WORK TO COMPLETE >> Output the complete listing exactly, please, and keep the pictures out of it.

SOURCE DATA Block Start

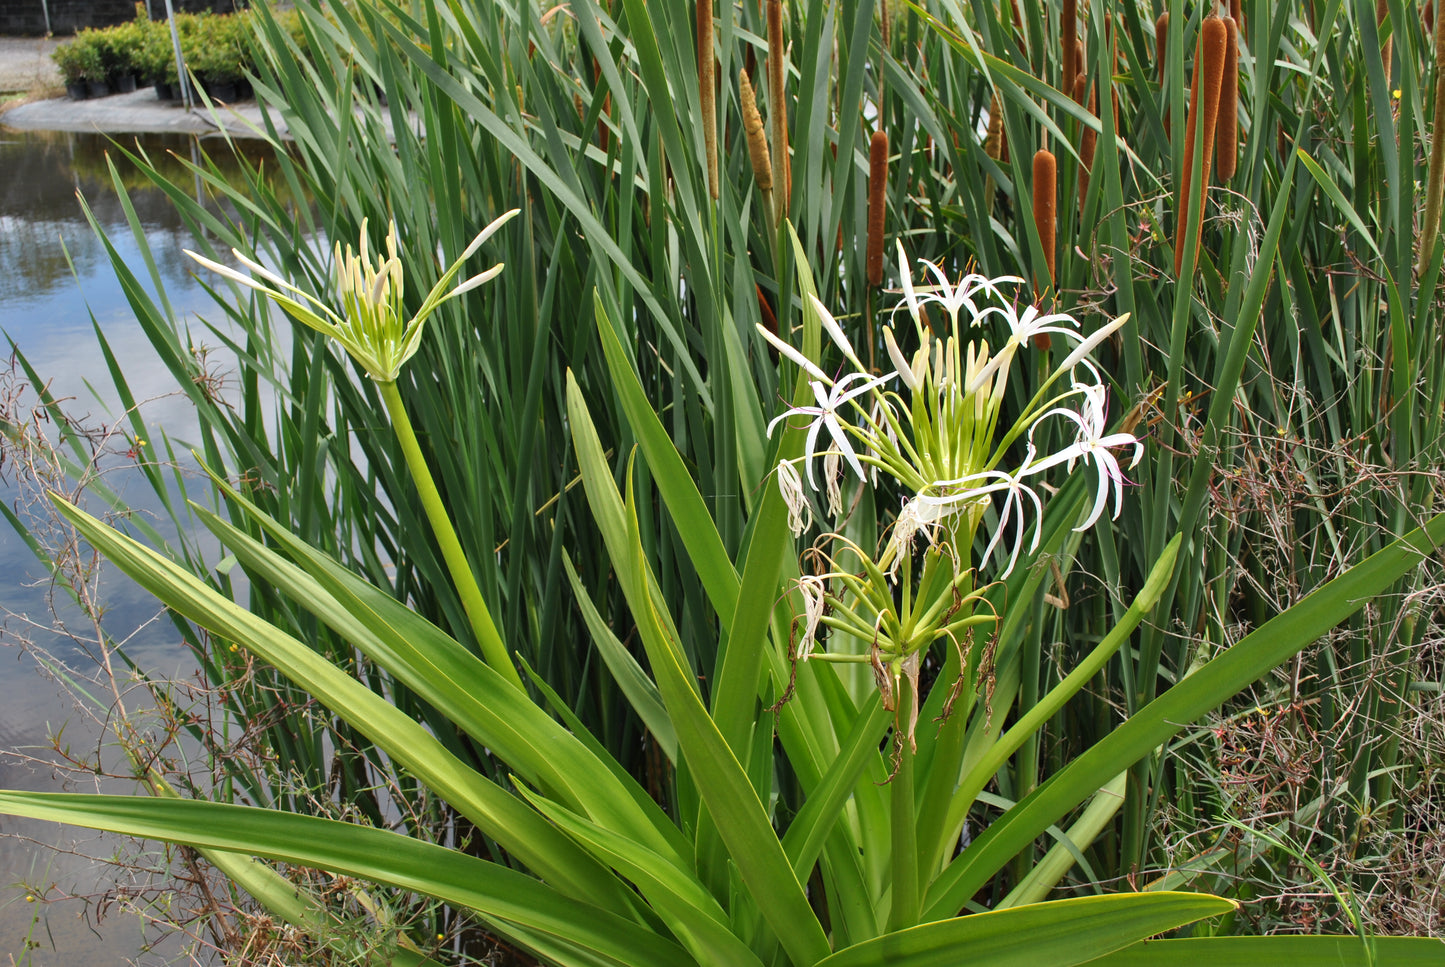 Crinum pedunculatum 'Swamp Lily' in flower on a manmade bank
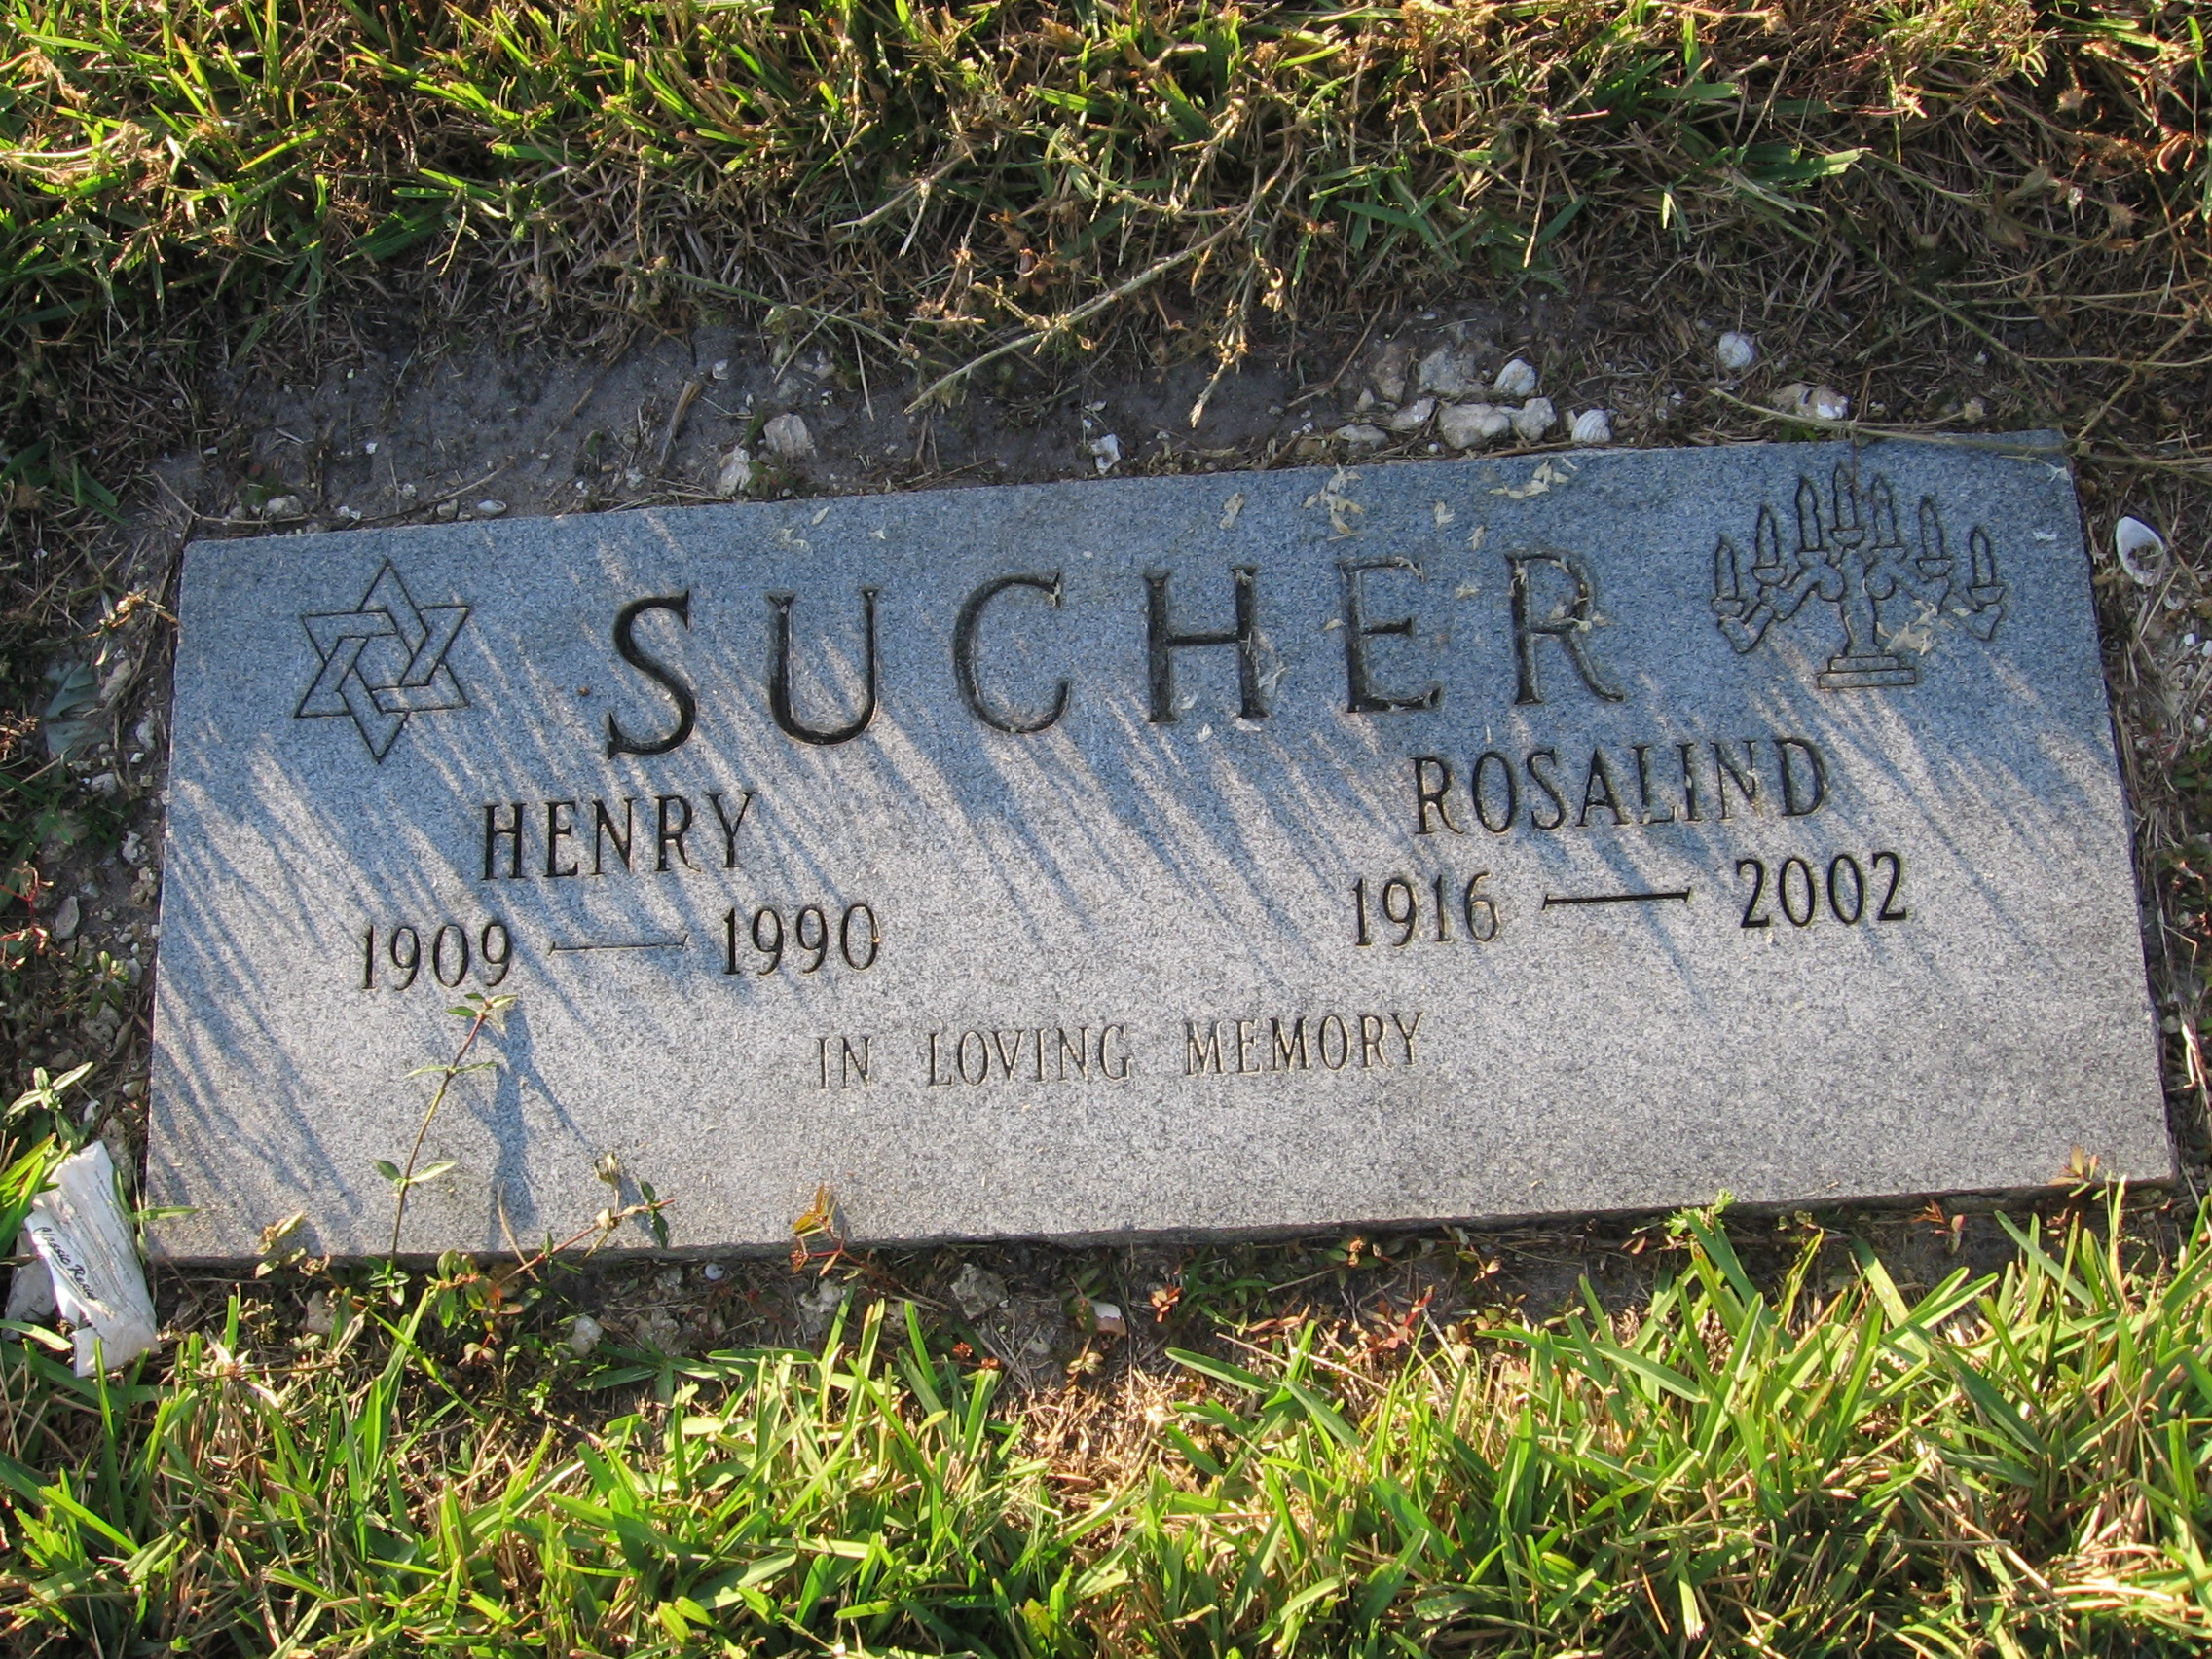 Henry Sucher
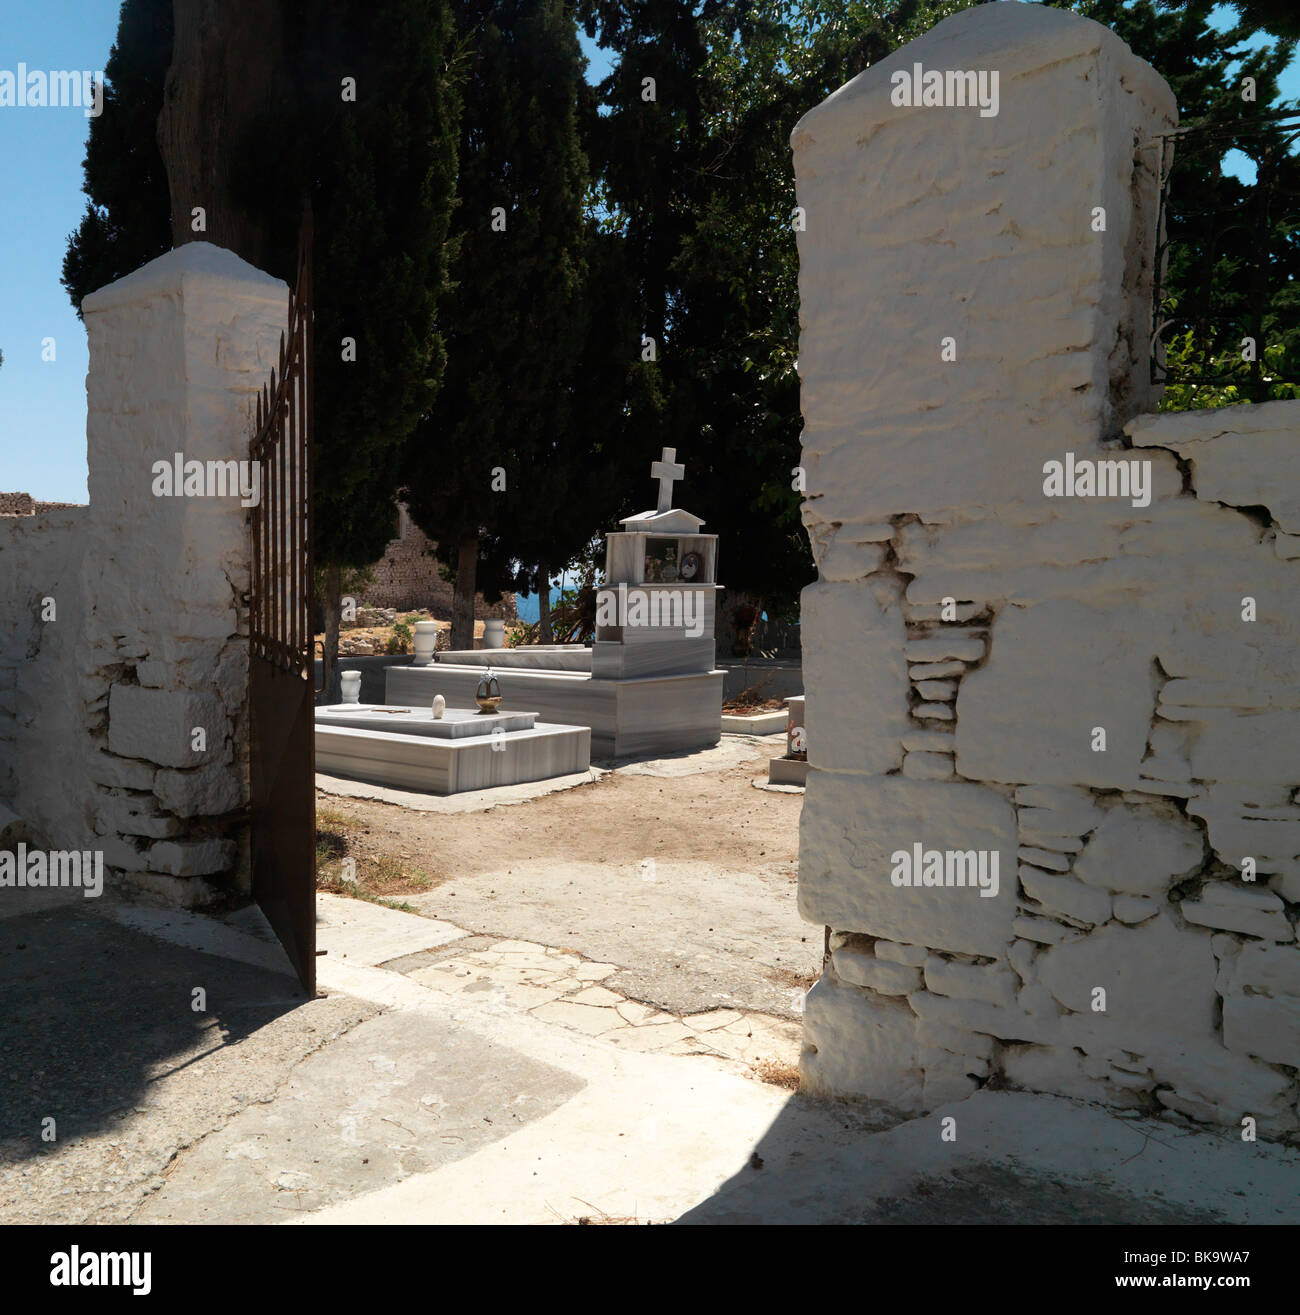 Samos Greece Pythagorian Metamorphis Church Cemetery Cross On Gravestone Stock Photo

SOURCE DATA Block End

EXPECTED ANSWER >>
 Crinum pedunculatum 'Swamp Lily' in flower on a manmade bank
 Henry Sucher
 Samos Greece Pythagorian Metamorphis Church Cemetery Cross On Gravestone Stock Photo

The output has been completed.